● WHAT THE EXERCISE ASKS:
Write the listing out again word for word, leaving each picture behind.
┌─ INFORMATION PROVIDED
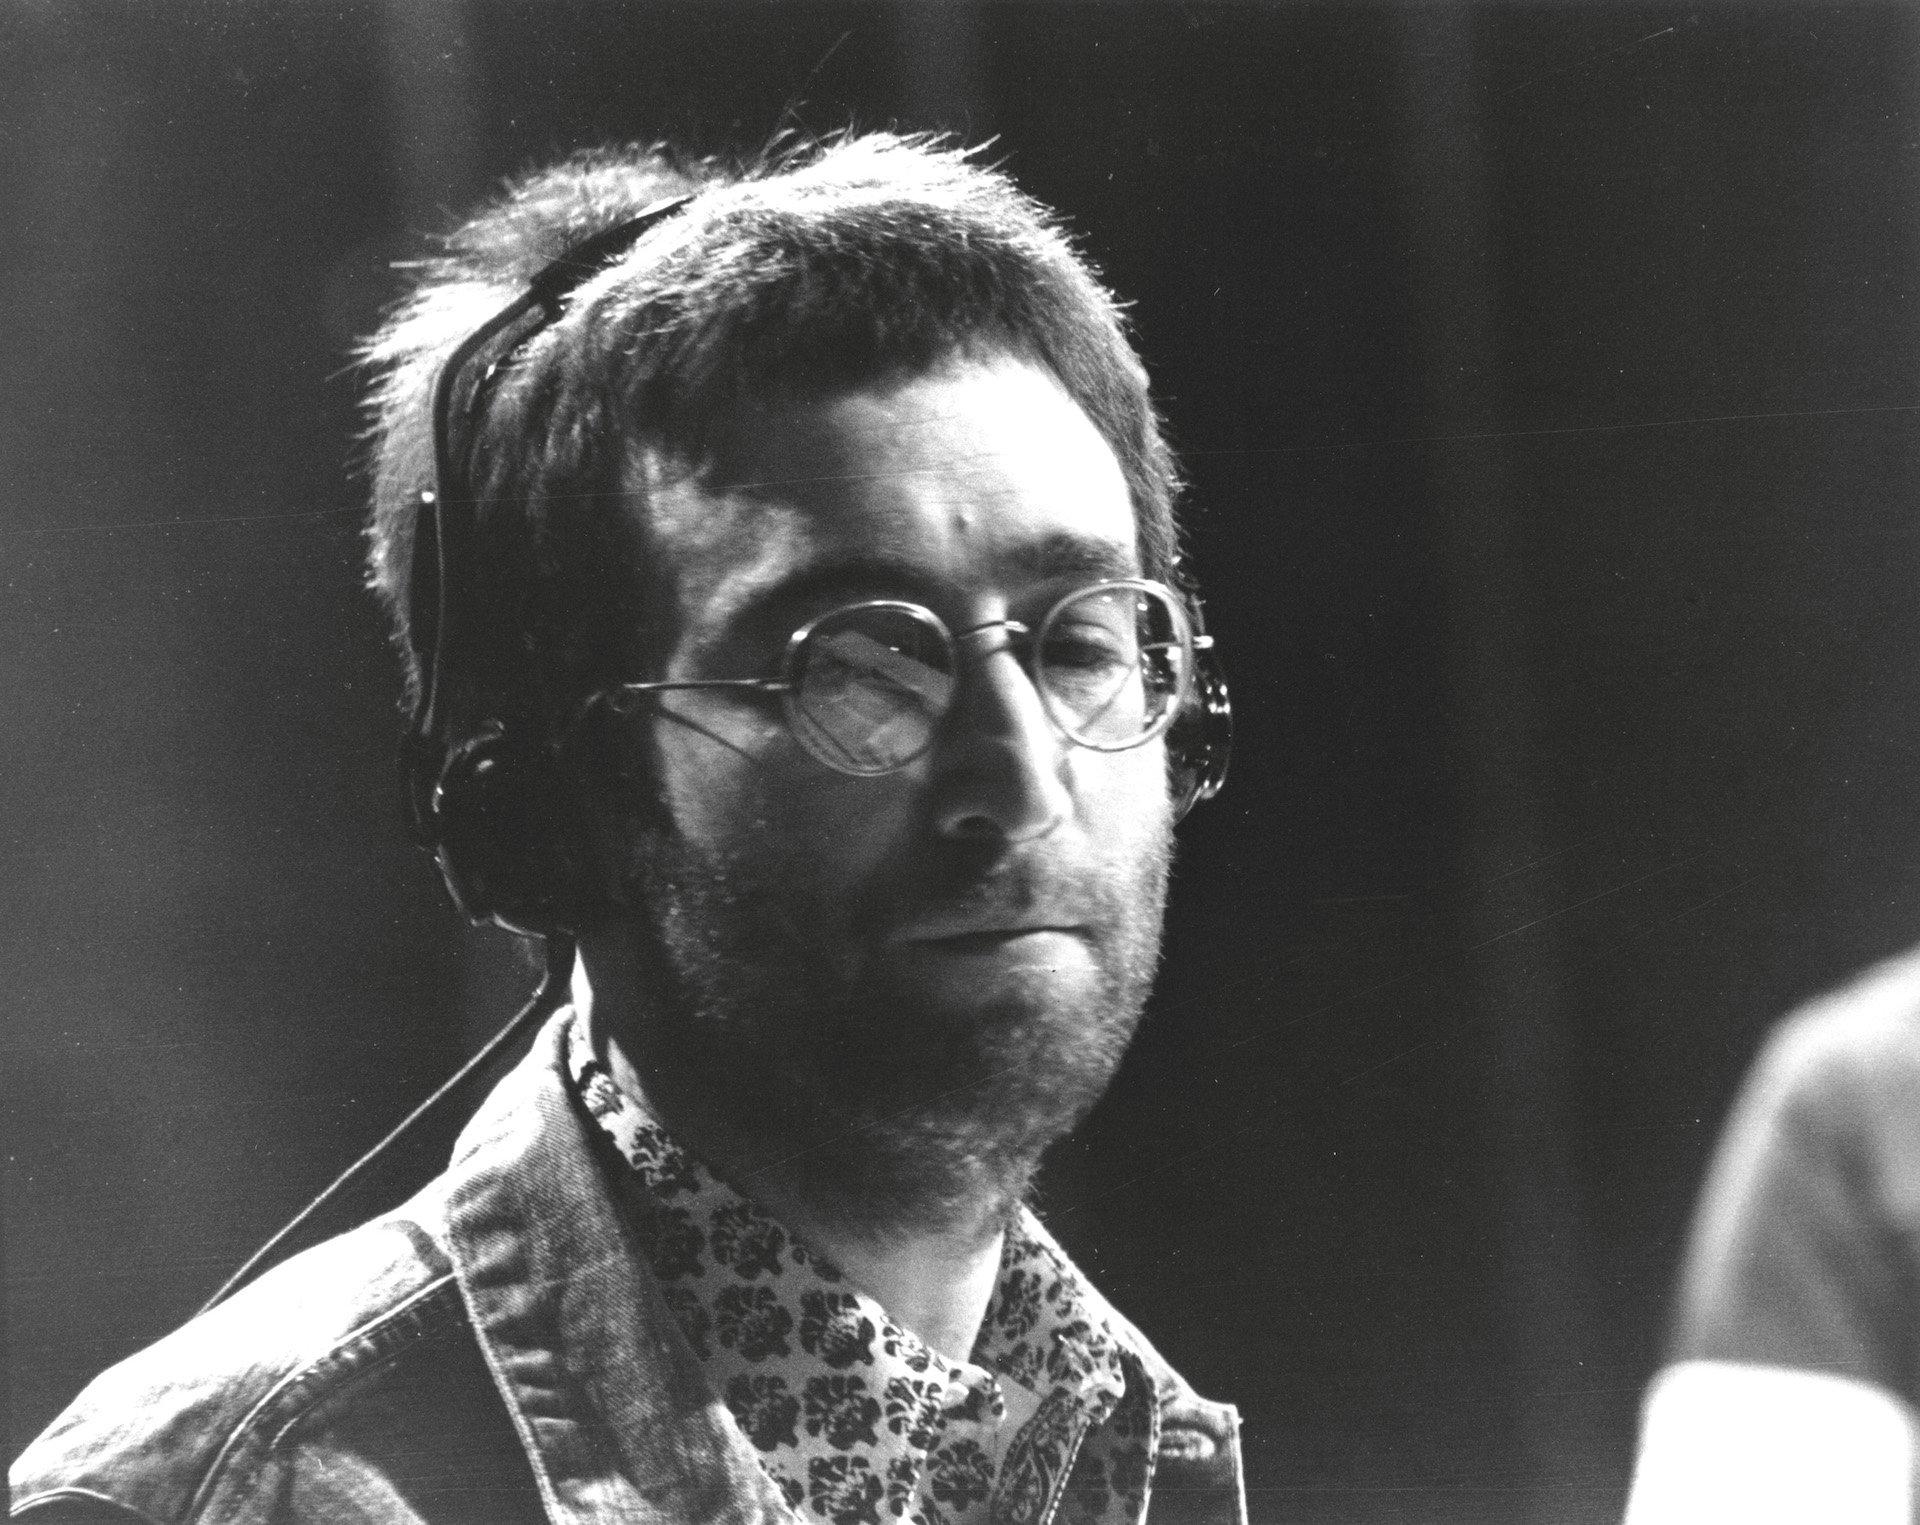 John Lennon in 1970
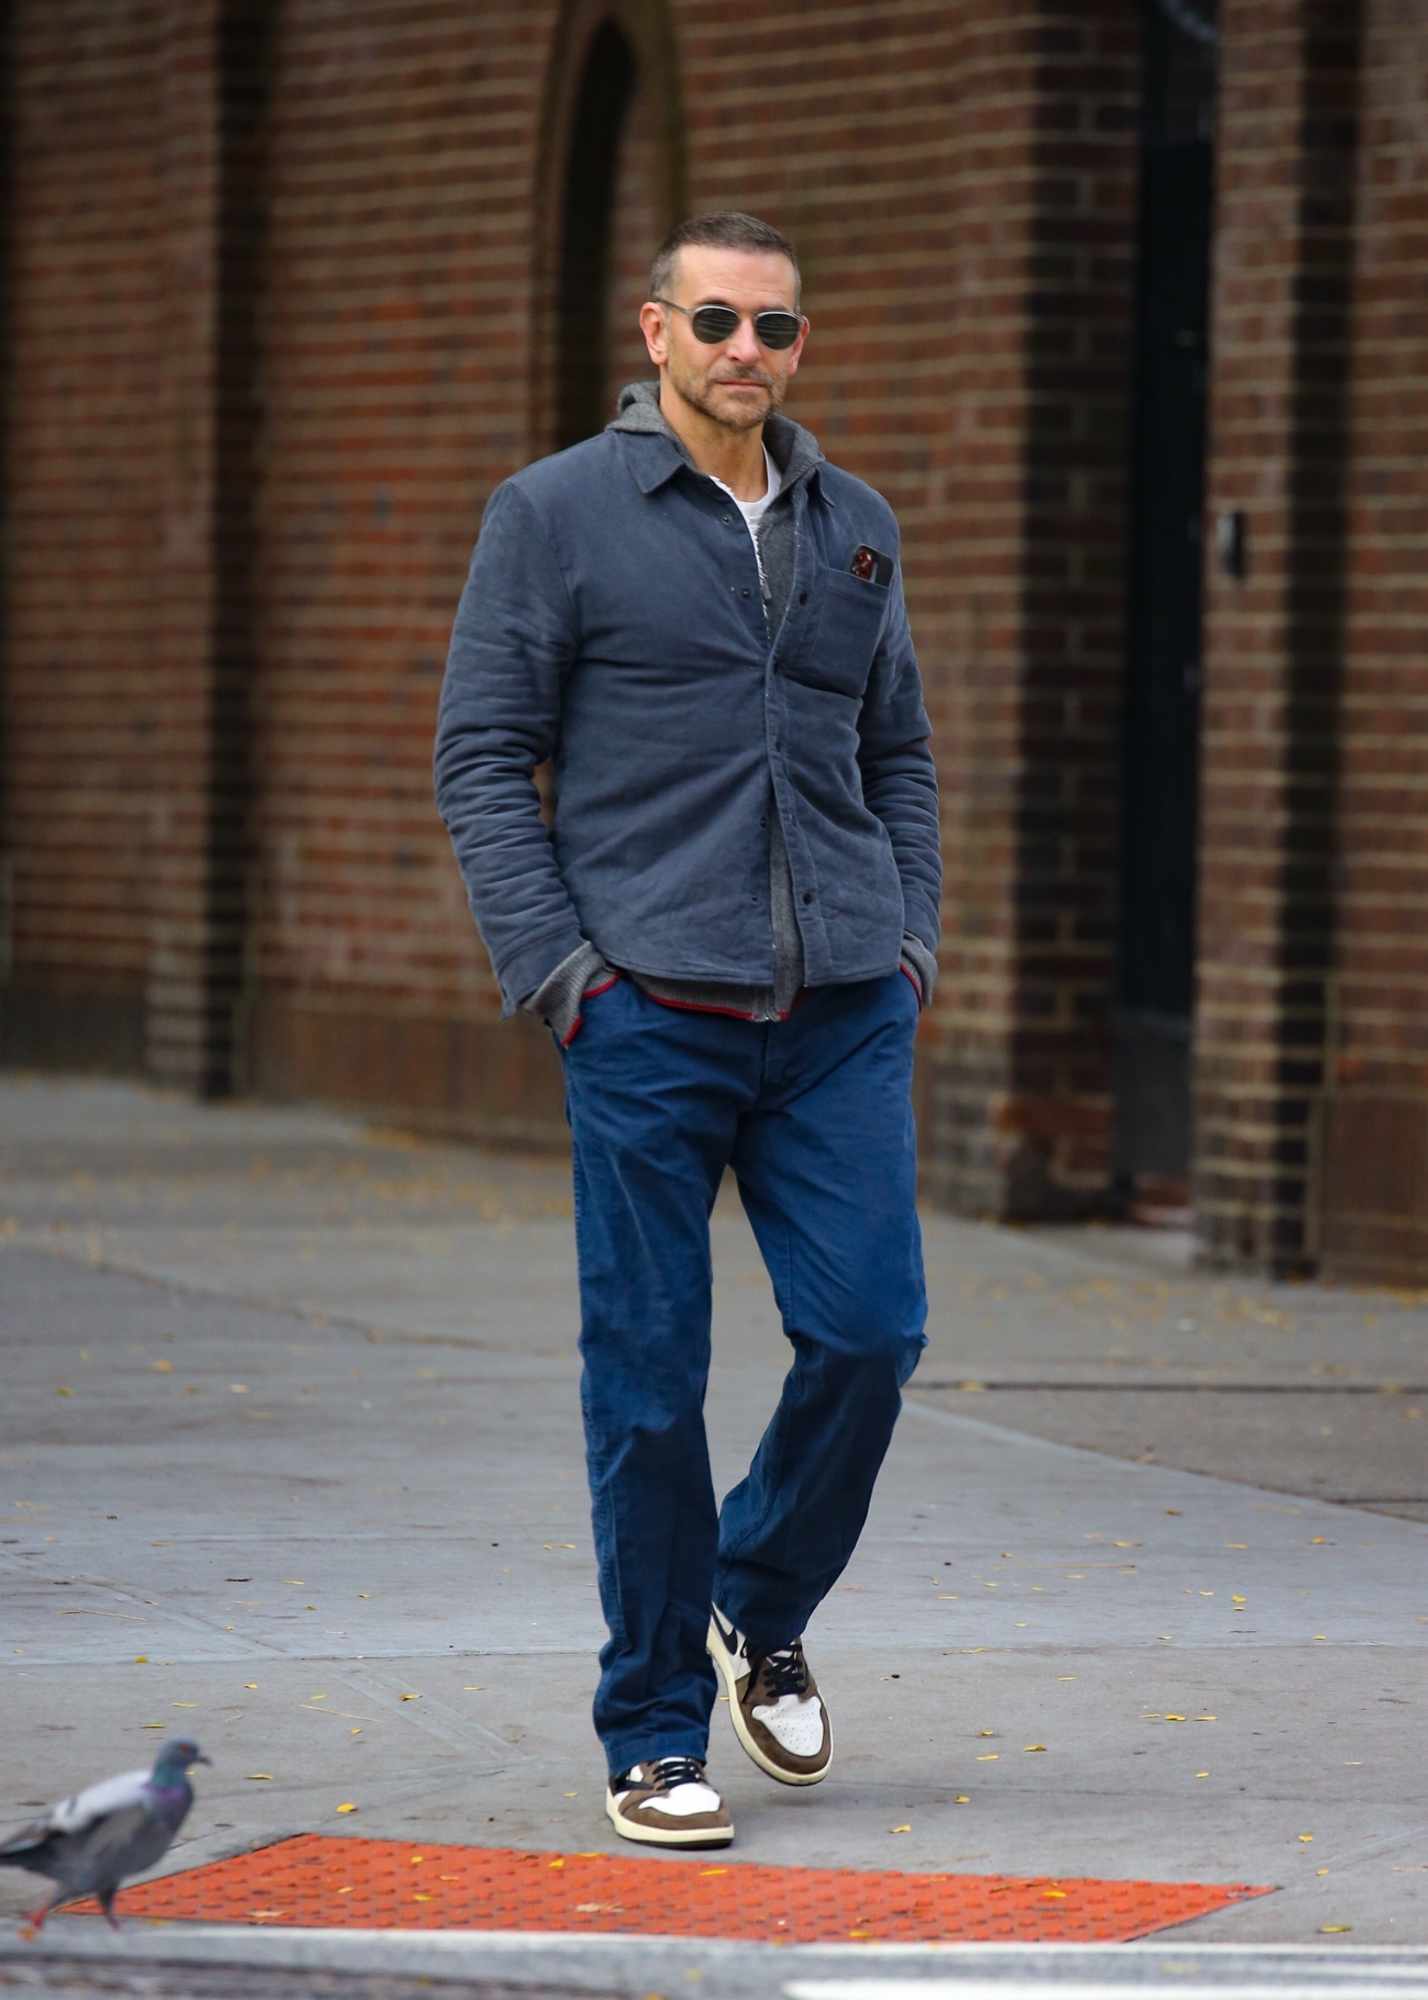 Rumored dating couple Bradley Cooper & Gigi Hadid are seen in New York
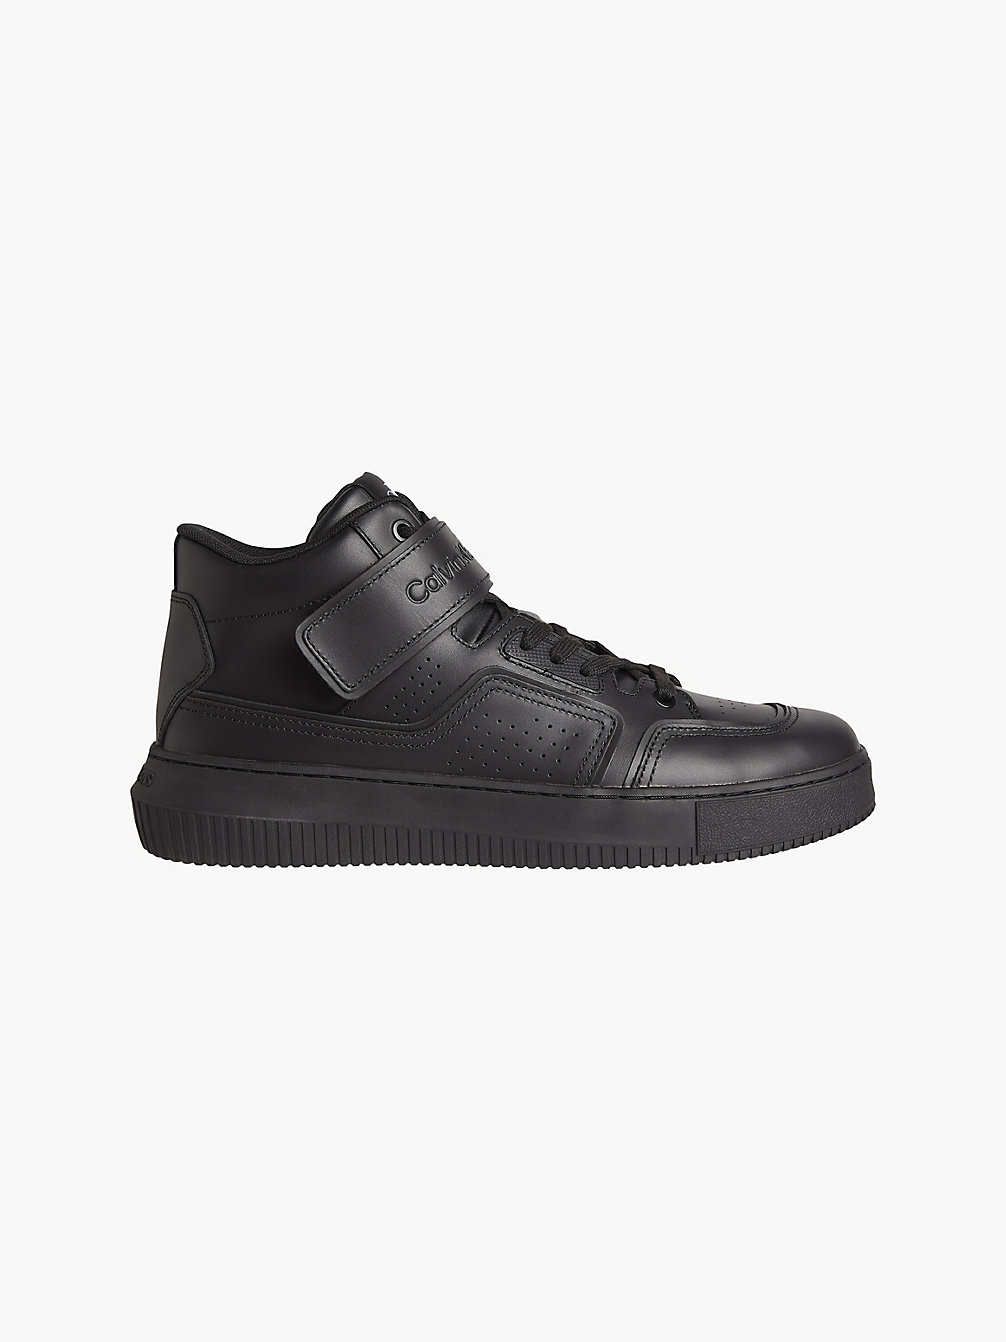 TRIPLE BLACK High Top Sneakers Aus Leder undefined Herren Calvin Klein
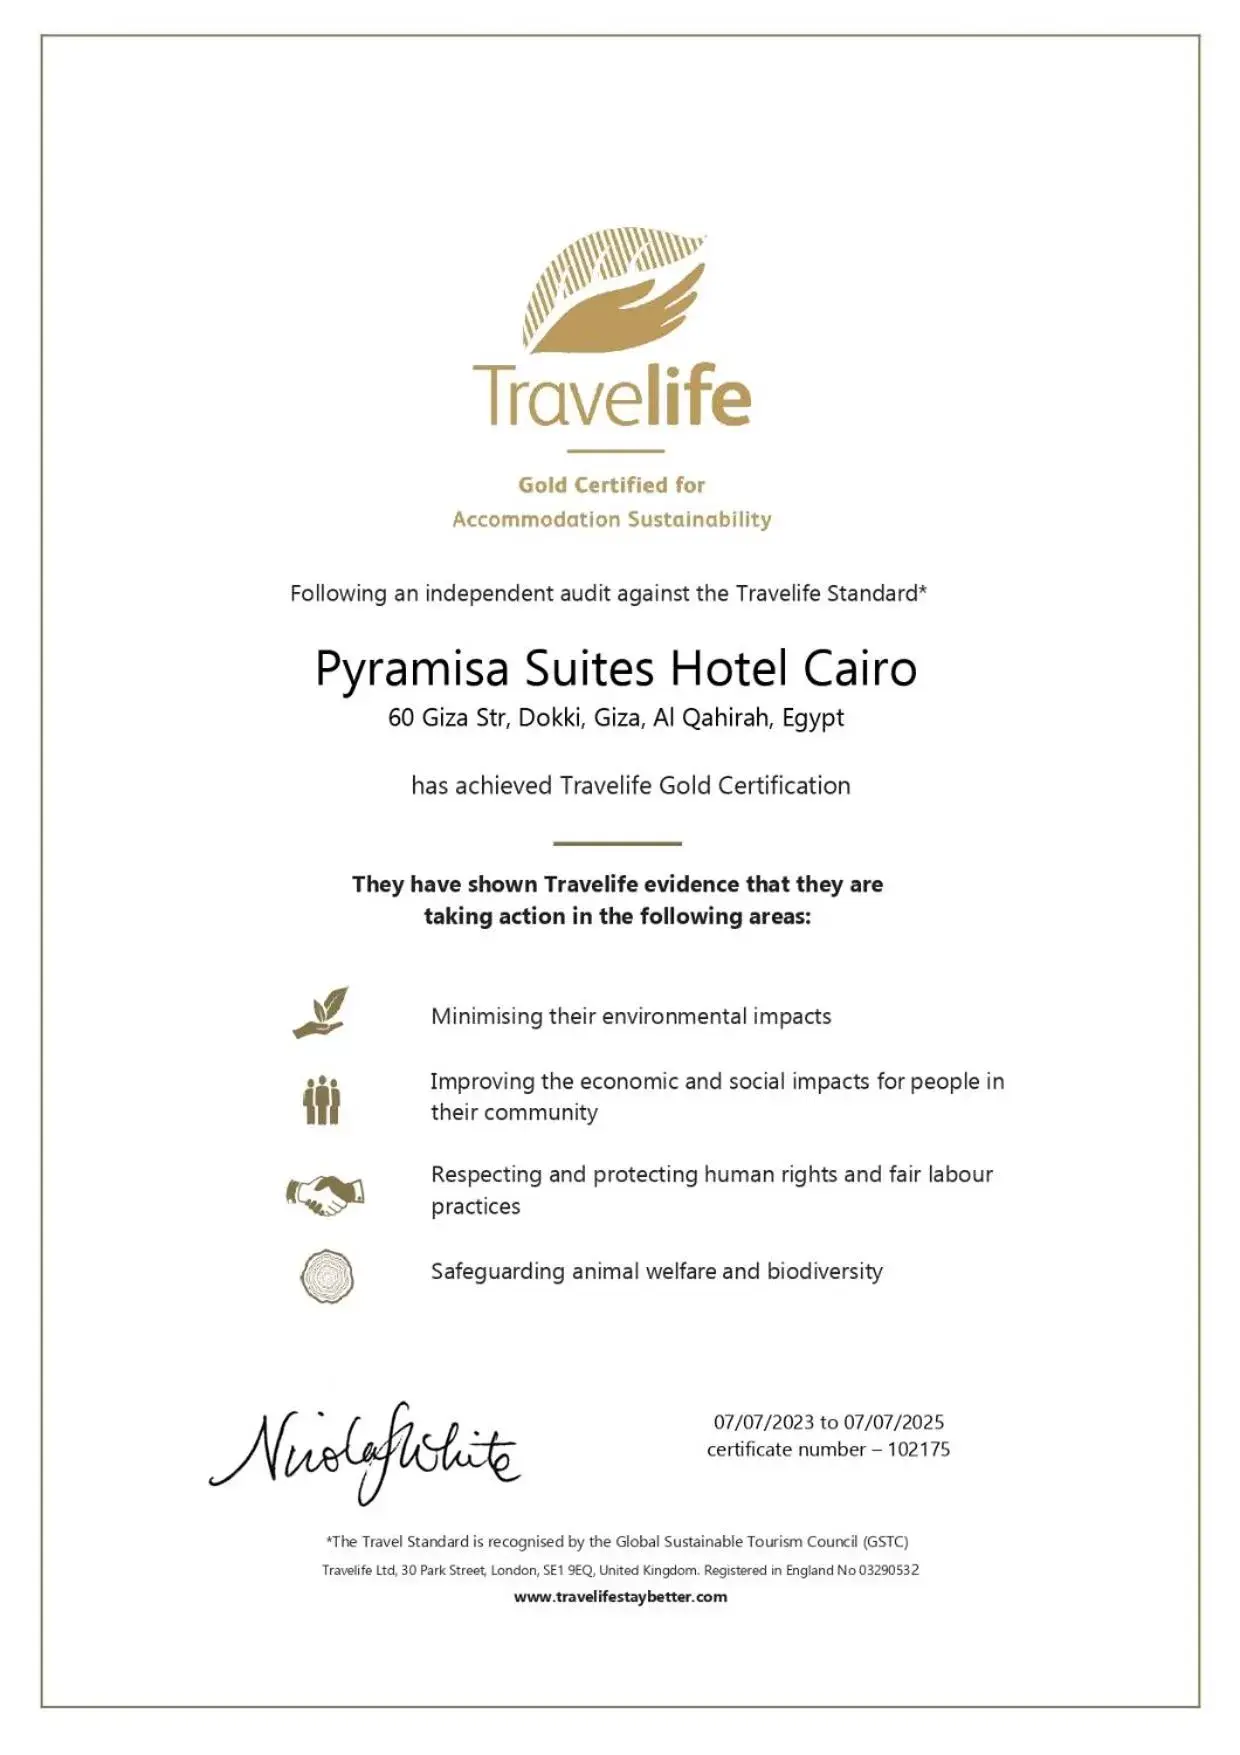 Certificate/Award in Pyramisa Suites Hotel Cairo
└─
● TASK RESPONSE:
 John Lennon in 1970
 Rumored dating couple Bradley Cooper & Gigi Hadid are seen in New York
 TRIPLE BLACK High Top Sneakers Aus Leder undefined Herren Calvin Klein
 Certificate/Award in Pyramisa Suites Hotel Cairo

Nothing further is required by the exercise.